Many of us arrive in nonprofit leadership because we don’t have any life balance. We spend our time choosing our community, or our work, or our cause, or our fill-in-the-blank over and over again, often at risk to our families, our health, and ourselves. We suppress our own needs for the greater good and we feel guilty when we take care of ourselves. In fact, one of the first conversations our 2022 cohort had was why we “had” to focus on self-care. Many of us thought that felt enormously self-indulgent when there is so much work to be done, so much need in our communities. Our facilitator at the time asked a very important, if crass question. He asked who would take on our work if we died because we hadn’t taken care of ourselves. I realized then that there is also a certain self-indulgence in thinking one should be so above self-care.
In many of our posts, you’ll see my cohort and I write a lot about learning to accept that self-care, taking care of our health, our lives, and our own families is not self-indulgent, but self-nourishing and soul-nourishing activity that actually better propels our work in our communities, that helps us better show up in helpful ways and sustains each of us for the long haul. These are things that are not new concepts. These are things I’ve spent my life preaching and not following – not because I did not value them, but because I did not think I was worthy. My worthiness as a leader, after all, and especially as a Hmong female leader, was in how much I could give to others. The congruency I prided myself on applied to every aspect of my life except for taking care of myself.
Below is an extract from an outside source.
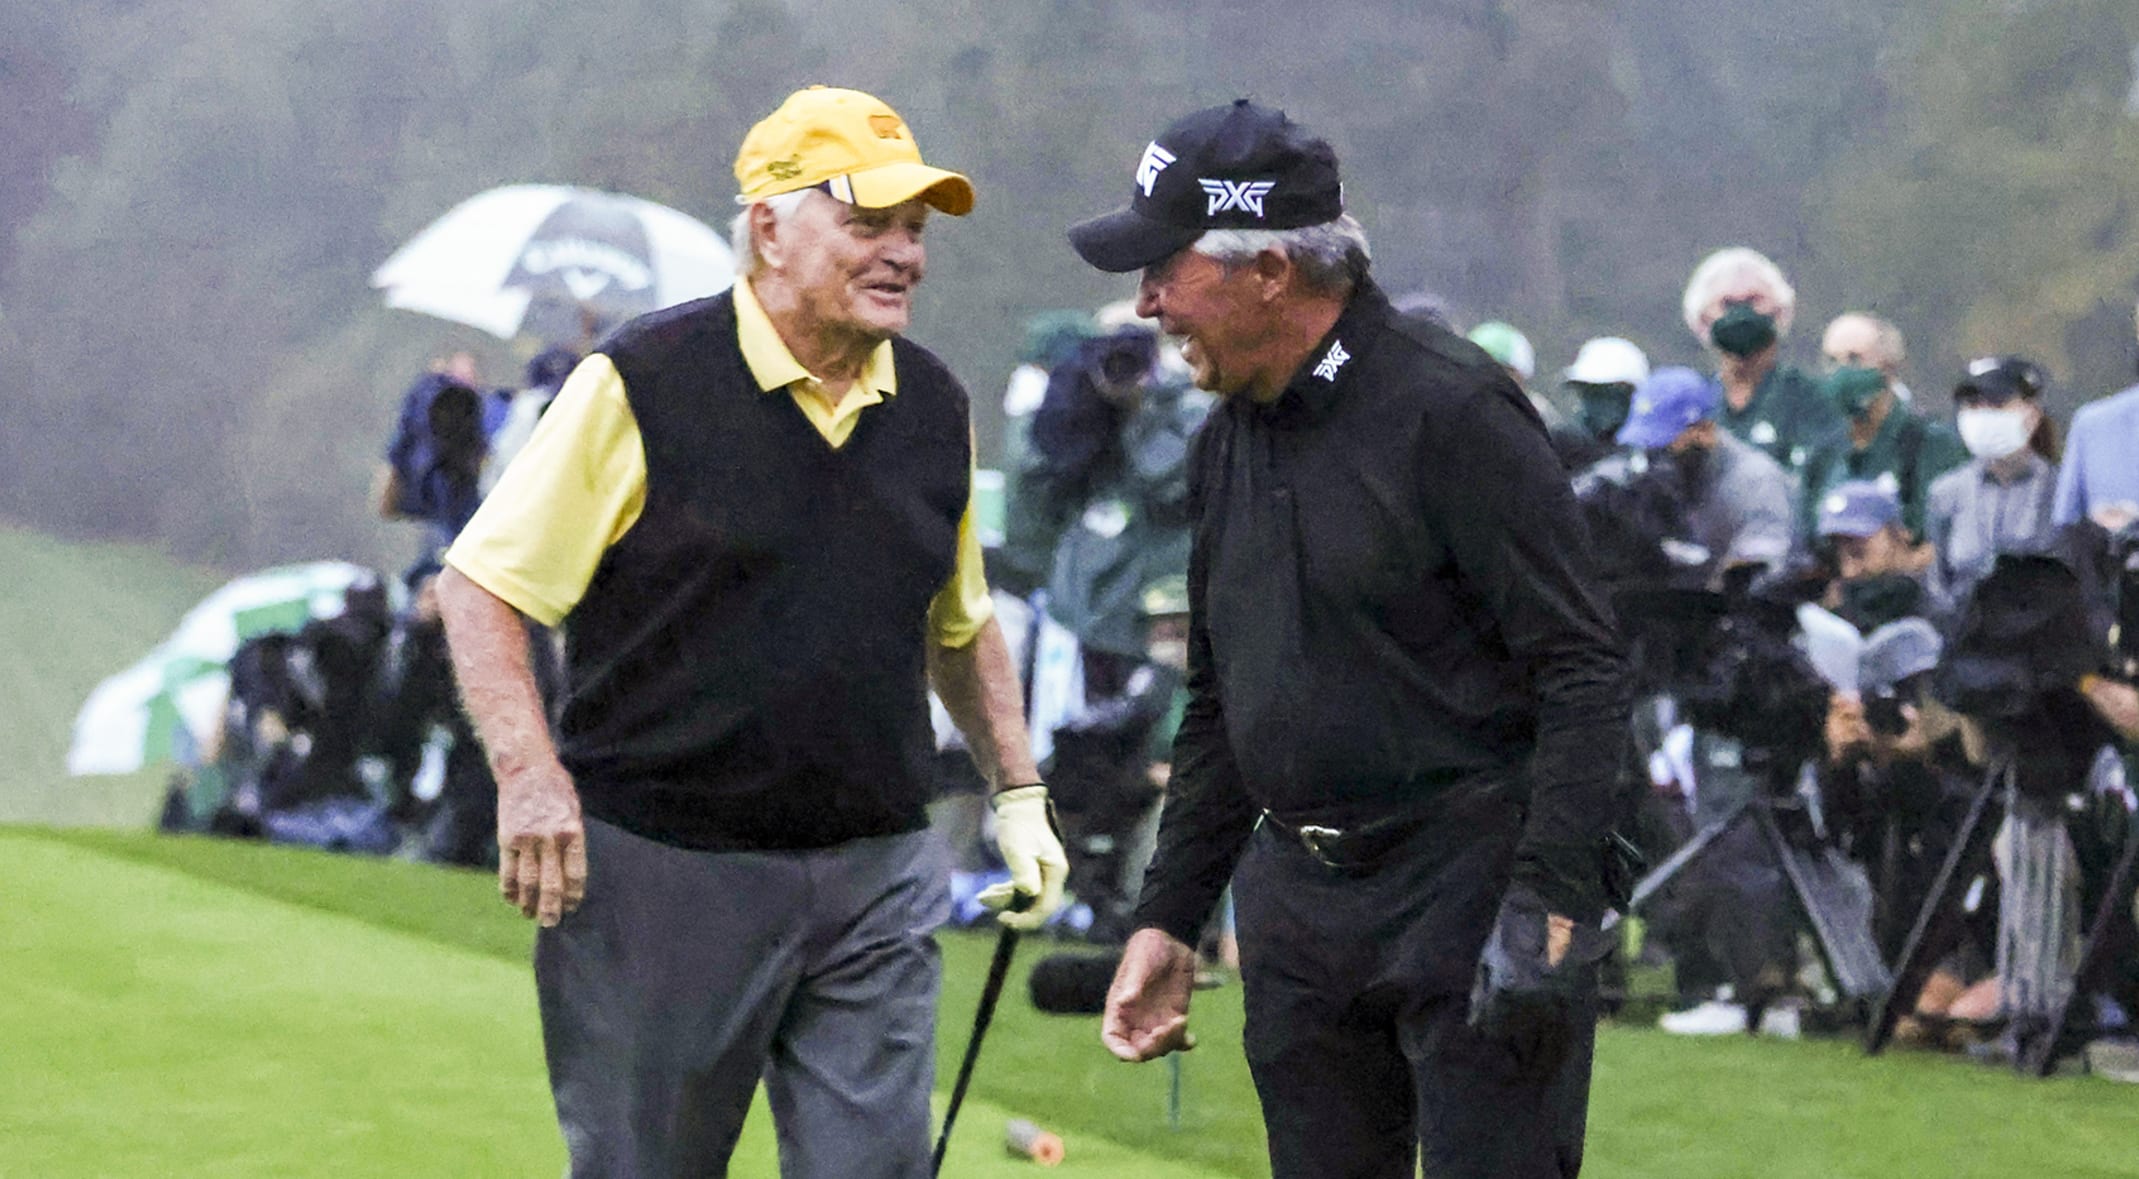 Gary Player Jack Nicklaus Hit Ceremonial First Tee Shots
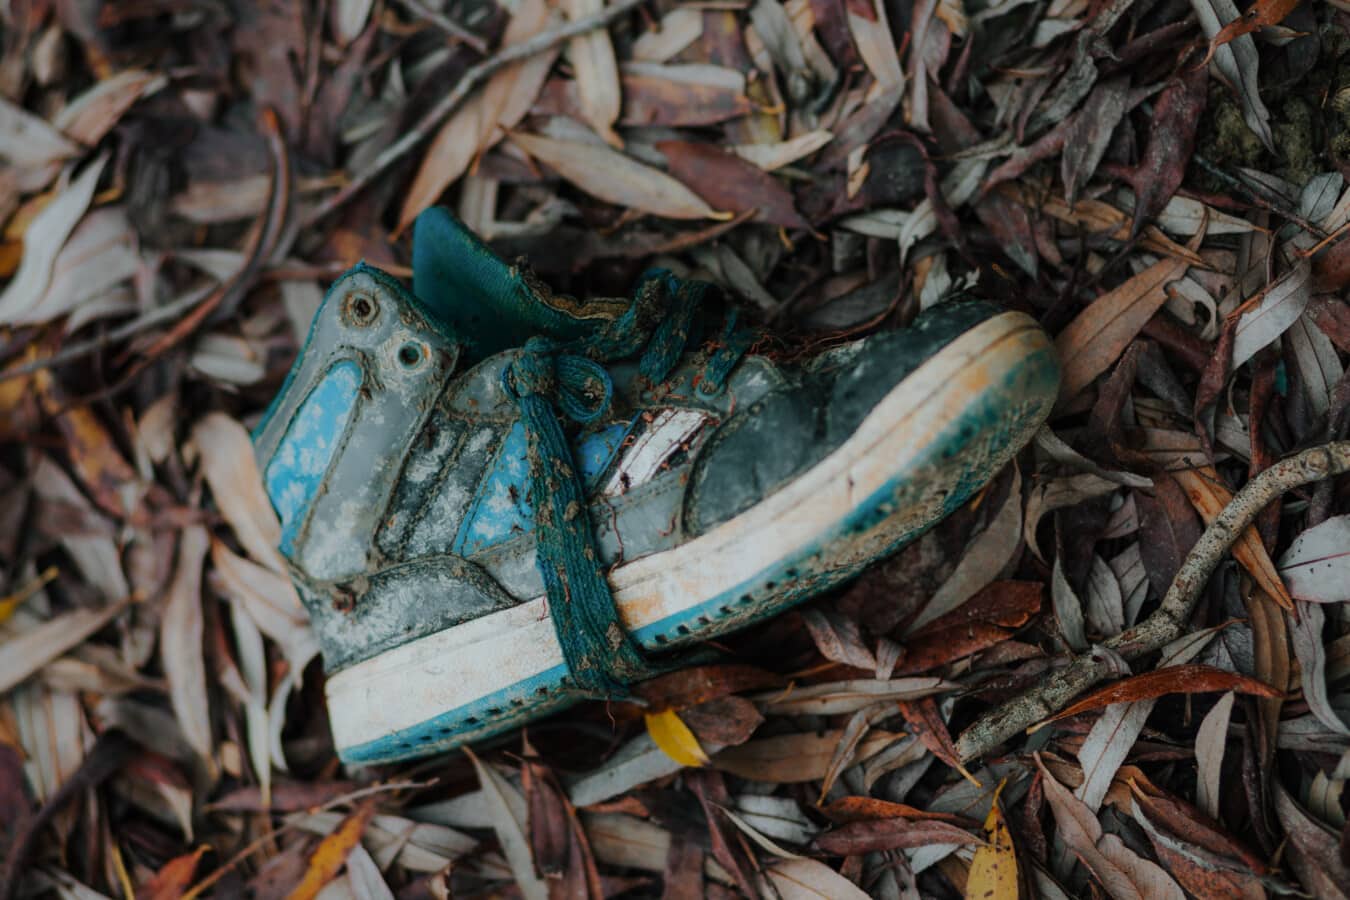 sneaker, dirty, garbage, trash, nature, recycling, wood, waste, old, abandoned

In the past two years, I have finally come to embrace my full self as a leader, including the worthiness part that I was afraid to admit. I now understand how deeply flawed my thinking was that the only thing I had to contribute as a leader was to keep giving, and to keep expecting others to keep giving. I now know deeply and practice the art and science of self-care, of self-compassion, of being able to value myself and my family while also valuing “the work,” and the community. I’m not sure at what point I decided I had to choose one or the other and darn it if I hadn’t chosen the community every single time. I can admit that now, because I will never go back to doing that. I can choose both, and I have found ways to choose both that doesn’t sacrifice my integrity as a leader or as a mom, a daughter, a wife, a sister, an auntie. I’ve lost weight. I sleep now. I see my doctor regularly (and by the way, she can’t believe how well I am!). I attended every one of my daughter’s volleyball games last year. I’m going on college visits with my son soon. My husband and I take walks every night. I call my mom daily. Before my dad passed away, he and I talked a lot and he became one of my best friends. I get more meaningful work done, and I do it better. My unit is experiencing incredible growth, grounded in what our community needs. I continue to meet new people daily who are on similar journeys, and they are becoming my people. I’m helping move legislation. I’m changing long-standing unhealthy policies, practices, and culture at work. My soul finally feels full and I got here by understanding and deciding to also choose me.